A smarter way of doing this, I suppose, is trying to understand what goes into AI, and then reasoning out what has and hasn't happened.
After a couple of hours of breaking my head, here's what I understand:
Behind the scenes are all the physical inputs that go into AI. That includes everything from hardware, to energy, to infrastructure. This is one place where America has an out-and-out advantage, of a sort that Chinese competitors cannot — as far as I know — even hope to match. The future of the AI industry, then, is one of the degree to which DeepSeek (or other Chinese peers) can side-step these disadvantages.
At the heart of a model is its storehouse of knowledge — its weights. It is what the model understands about how different words and concepts connect together.
- At the first instance, these are put together over an extensive process of training — where your AI consumes a civilisation's worth of data. This is possibly the most expensive part of training AI. It's what requires $100 billion GPU super-clusters. Here, I think Anthropic and OpenAI retain an advantage.
- You need access to training data in the first place, and while you can scrape a lot of it from the internet, that need not be enough. I believe the Chinese have a distinct disadvantage here. Their competitors are all backed by the giant data hoarders of the last technological generation. And the fact that they're wealthier means that they can negotiate for better reserves of paid data.
- Pure data, surely, isn't enough. Another place where models can differ is how good they are at creating accurate weights by processing their training data. Frankly, I don't have much of an insight here.
- All of this gets you to a frontier model. Once you do have a frontier model, though, you can do something clever — you can make this model a "teacher", and have "student" models ask it thousands of questions. Over this process, the student model gets almost as good as the teacher, without having to go through a ridiculously expensive training process. This is called "distillation". My hypothesis is that DeepSeek did precisely this, piggy-backing off the effort of companies like OpenAI and Anthropic. And so, despite monumental disadvantages, they could close the gap with their competitors.
Equally important is the AI architecture, or the way in which the AI is arranged. That determines how the whole thing comes together. An AI system is, in a way, made of layers of software, and rules on how information goes from layer to layer.
- The range of architectures available to you is limited by the kind of hardware you can access. This should have been where the Americans had an obvious advantage, because their chips can do much more. But that's where the script was just flipped.
- DeepSeek managed incredible breakthroughs with the architecture. They made their models far more efficient, requiring a fraction of the memory space, and a fraction of the processing power.
Allied: there's also the actual codebase that makes this whole thing run. I don't really know the first thing about how the competition lines up here. Ask the techie nearest to you, I guess.

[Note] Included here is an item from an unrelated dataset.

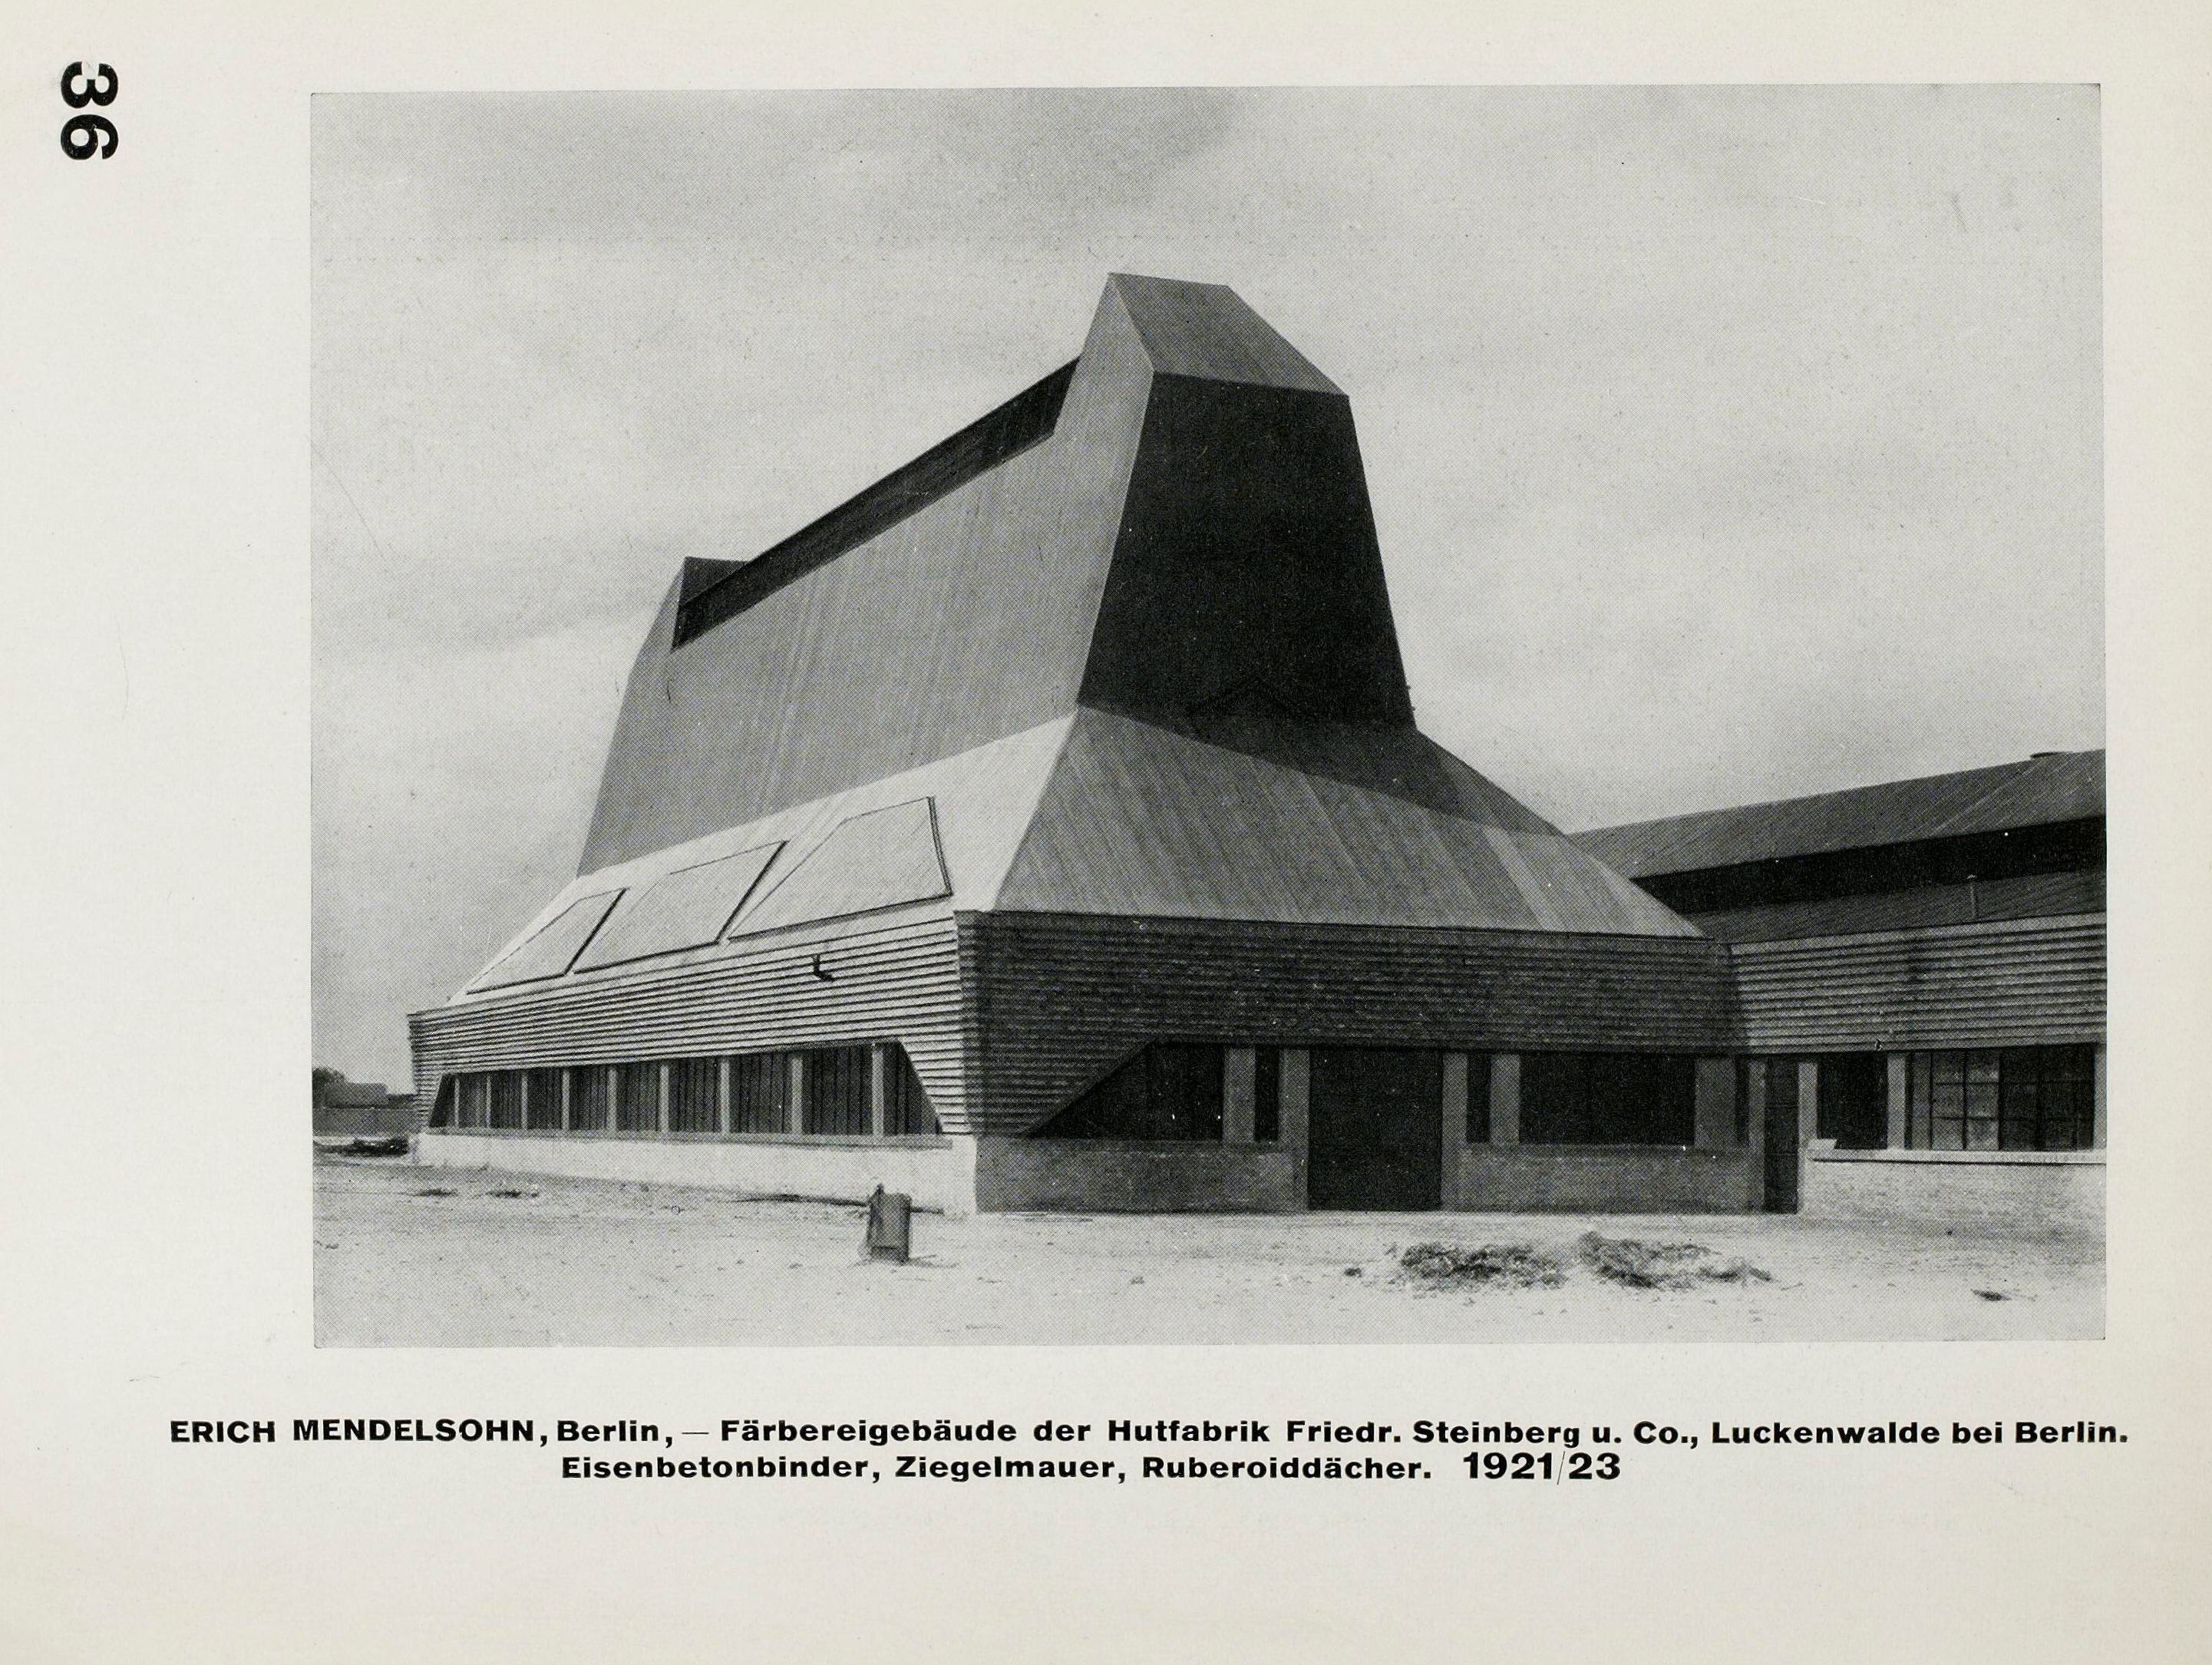 Internationale Architektur / von Walter Gropius. — Zweite veränderte auflage. — München : Albert Langen Verlag, 1927. — 111 s., ill. — (Bauhausbücher 1)

I think this gives you some basis to ask deeper questions:
1. Sizing up the American training advantage
If training original, undistilled models is where the American moat lies, how far does that moat take you? How much further can you get to by simply processing higher volumes of data? What are the incremental benefits that you can get to by spending more compute, or refining your training methods?
One possibility is that this doesn't create too much of an advantage — that there are diminishing returns from training. If that's the case, the war for AI resources may already be on its last legs, and an entity like DeepSeek is primed to break the competition open.
The other, of course, is that there's still room to unlock a lot of performance. In that case, we'll probably see a constant cycle of American firms making leaps first, and others catching up with them over a couple of years.
2. How much intelligence is enough intelligence?
Our current state-of-the-art AIs can beat the average PhD student at the subject they specialise in. I'm not sure how much more intelligence we need — although, of course, that's because I've never had access to such intelligence. Is there a point at which any additional smartness stops impressing us? And if so, how close are we?
There's a version of the world where more intelligence, at least in the foreseeable future, is an incredible thing. Every model shocks and surprises us for years, and AI's abilities advance to a point we haven't imagined so far. In this universe, the Americans retain a palpable advantage for the foreseeable future, and at best, DeepSeek remains a scrappy competitor that's somehow punching above its weight.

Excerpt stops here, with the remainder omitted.